To give back during this holiday season you can make a big difference in someone’s life simply by reaching out to a lonely acquaintance, neighbor, or colleague. Rather than turning a blind eye to those who are alone or in pain this holiday session, below are some ways you can give to the people in you daily life.
- Look for the subtle clues that someone in your sphere of influence is going to be alone for the holidays. Notice the person who never talks about their holiday plans or who walks away as soon as the holidays come up in conversation, and invite them to join you and your family.
- While you are bubbling over about your holiday plans, remember that this is a very painful time for others, so watch their reactions and if they aren’t sharing glowing stories of their upcoming holiday merriment, maybe you can take your enthusiasm down a notch.
- Share what is real. Yes, the holidays and family time can be great. It can also be stressful when you are anticipating how Aunt Sally will criticize you for gaining weight, or how you are overspending so that it doesn’t look like your sister-in-law gives better gifts, or the pain you feel that your dad has never said, “I love you” and will actually hardly acknowledge your presence. Remember to share some of these realities too (with friends and closer colleagues). Just knowing that others are experiencing some of what they experience can take away some of the overwhelming loneliness and shame.
- Cast your show of gratitude wide. Sometimes just a card or small gift given to the security guard at your office or some cookies given to the older woman, who lives next door, can bring some of the holiday cheer to them. It can let the more distant members of your circle know that they matter to you. It is a way to reach out and touch people in your life who may be feeling invisible and ignored during the holiday flurry.
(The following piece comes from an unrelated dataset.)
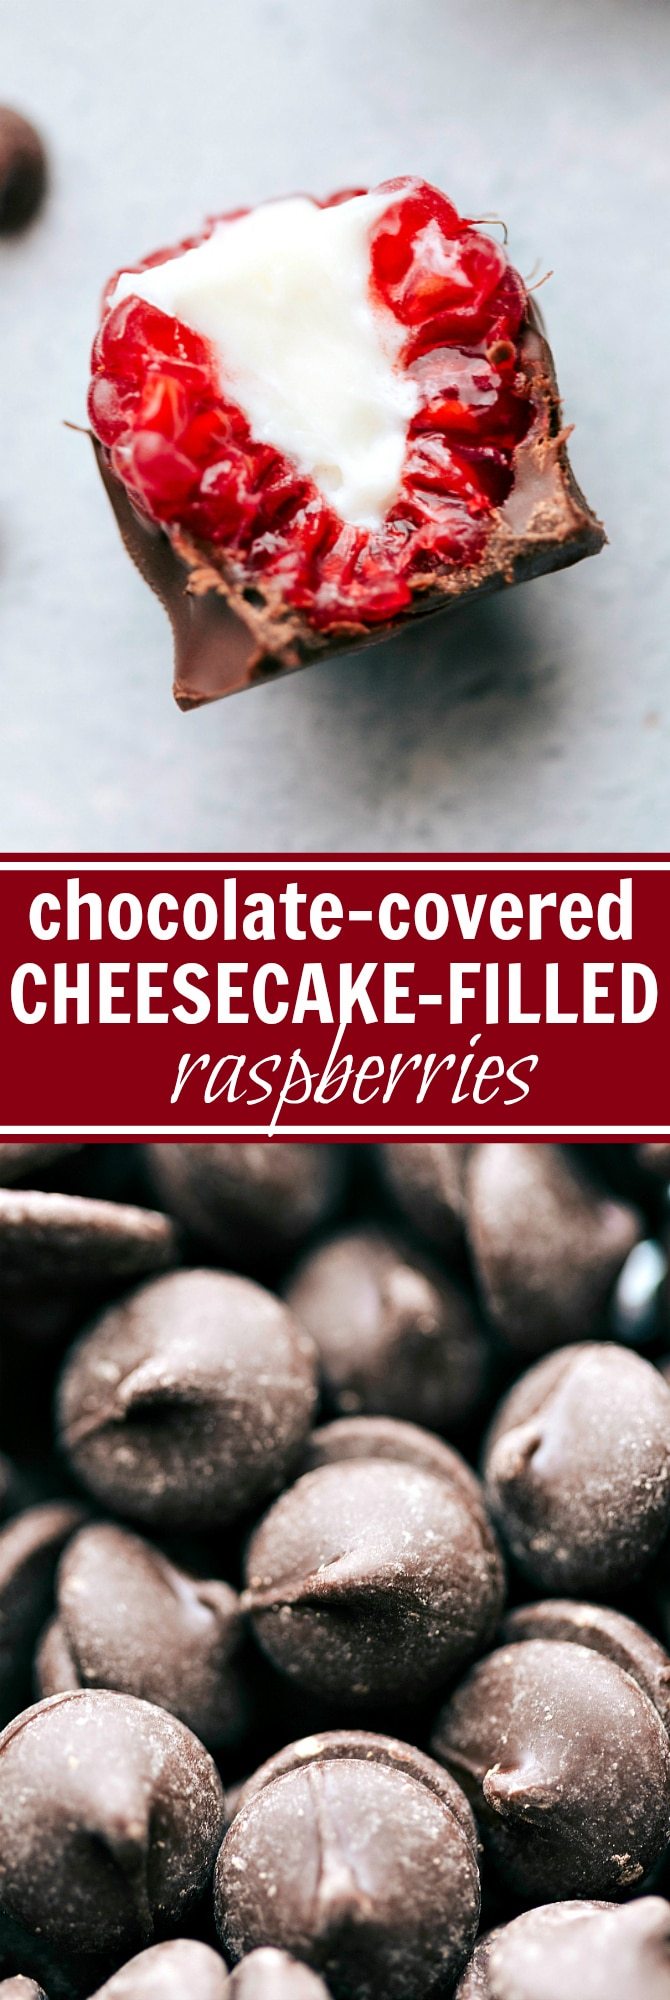 CHEESECAKE FILLED RASPBERRiES! Only FOUR ingredients to make these amazing chocolate-dipped and cheesecake-filled raspberries. via chelseasmessyapron.com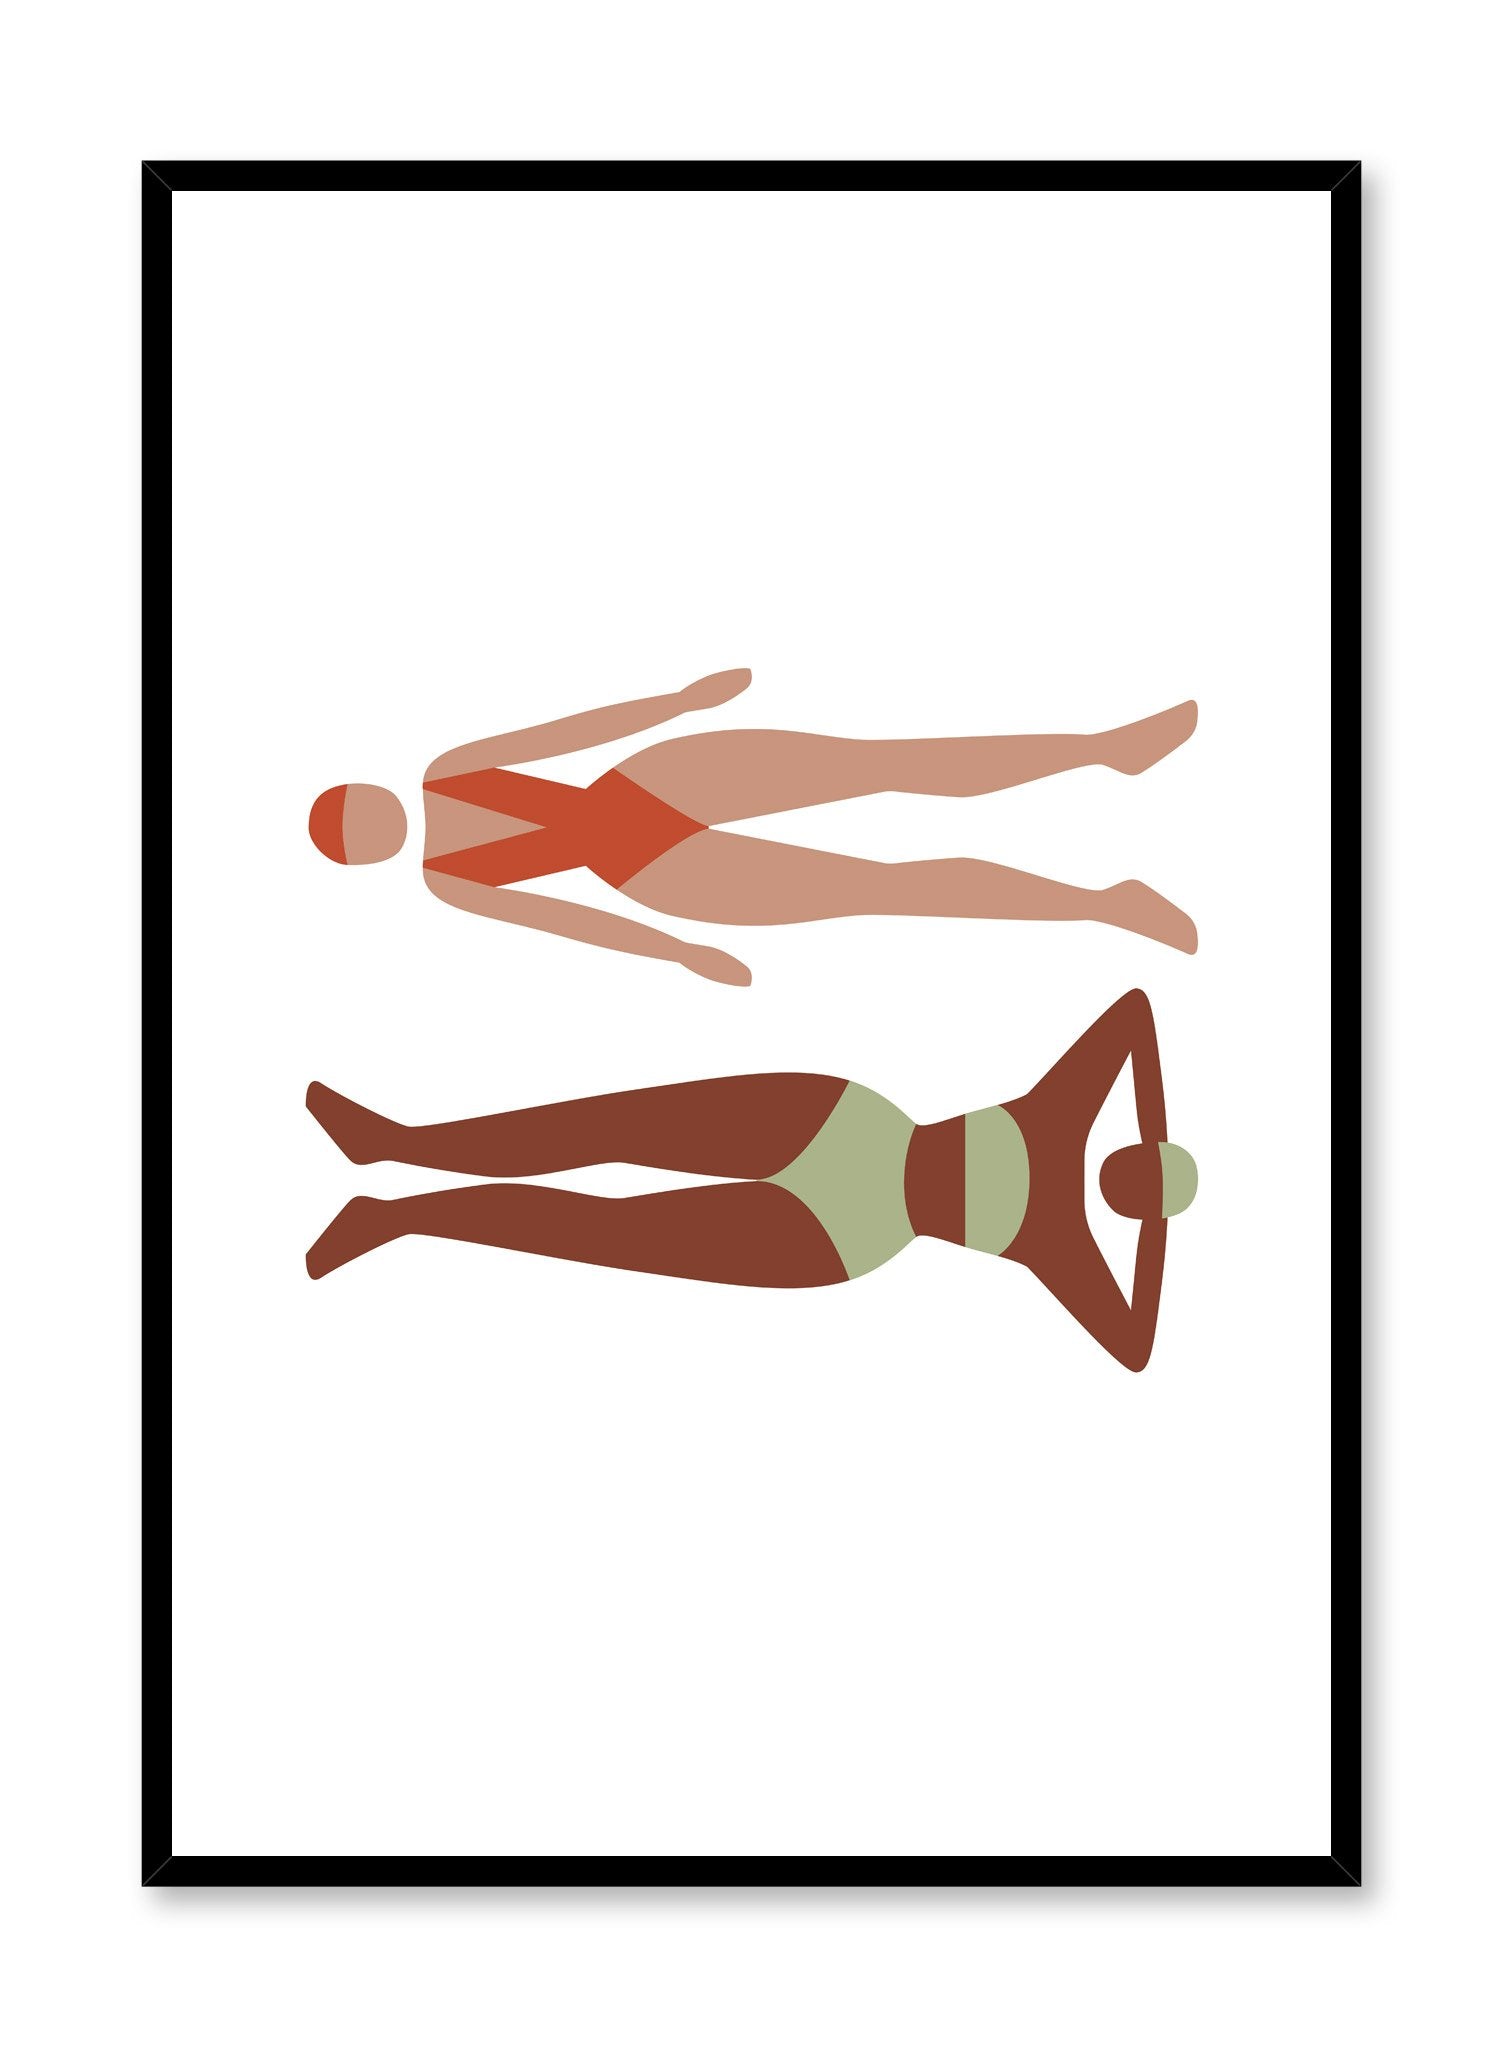 Modern minimalist poster by Opposite Wall with illustration of girls sunbathing

- When someone responds to your inquires about their holiday plans with, “I am just going to have a quiet holiday at home.” Don’t go on about the busyness of your holiday plans. This will only make them feel more alone and peculiar. Acknowledge and validate their choice, “A quiet holiday at home can be really nice. You get to come back to work in the New Year rejuvenated.” This can also be a great time to re-invite them to your house. “If you decide that you would like to mix it up a bit, I would love to have you drop by my house, then you can meet my crazy Aunt Sally and help talk me off the ledge when she asks me how I have gained so much weight.”
- Always give your phone number, address and time of the get-together when inviting someone to your house, even if they say “no.” A kind way to phrase this would be, “Well if you change your mind here is my contact information. Just call to let me know you are coming.” Or, “Feel free to drop by if you change your mind. It is very informal and we would love to have you join us.”
Of course it is okay for you to be joyous, and happy, and to feel very loved during the holidays, just remember that others may not be as fortunate. And, the best gift you can give them is the gift of understanding.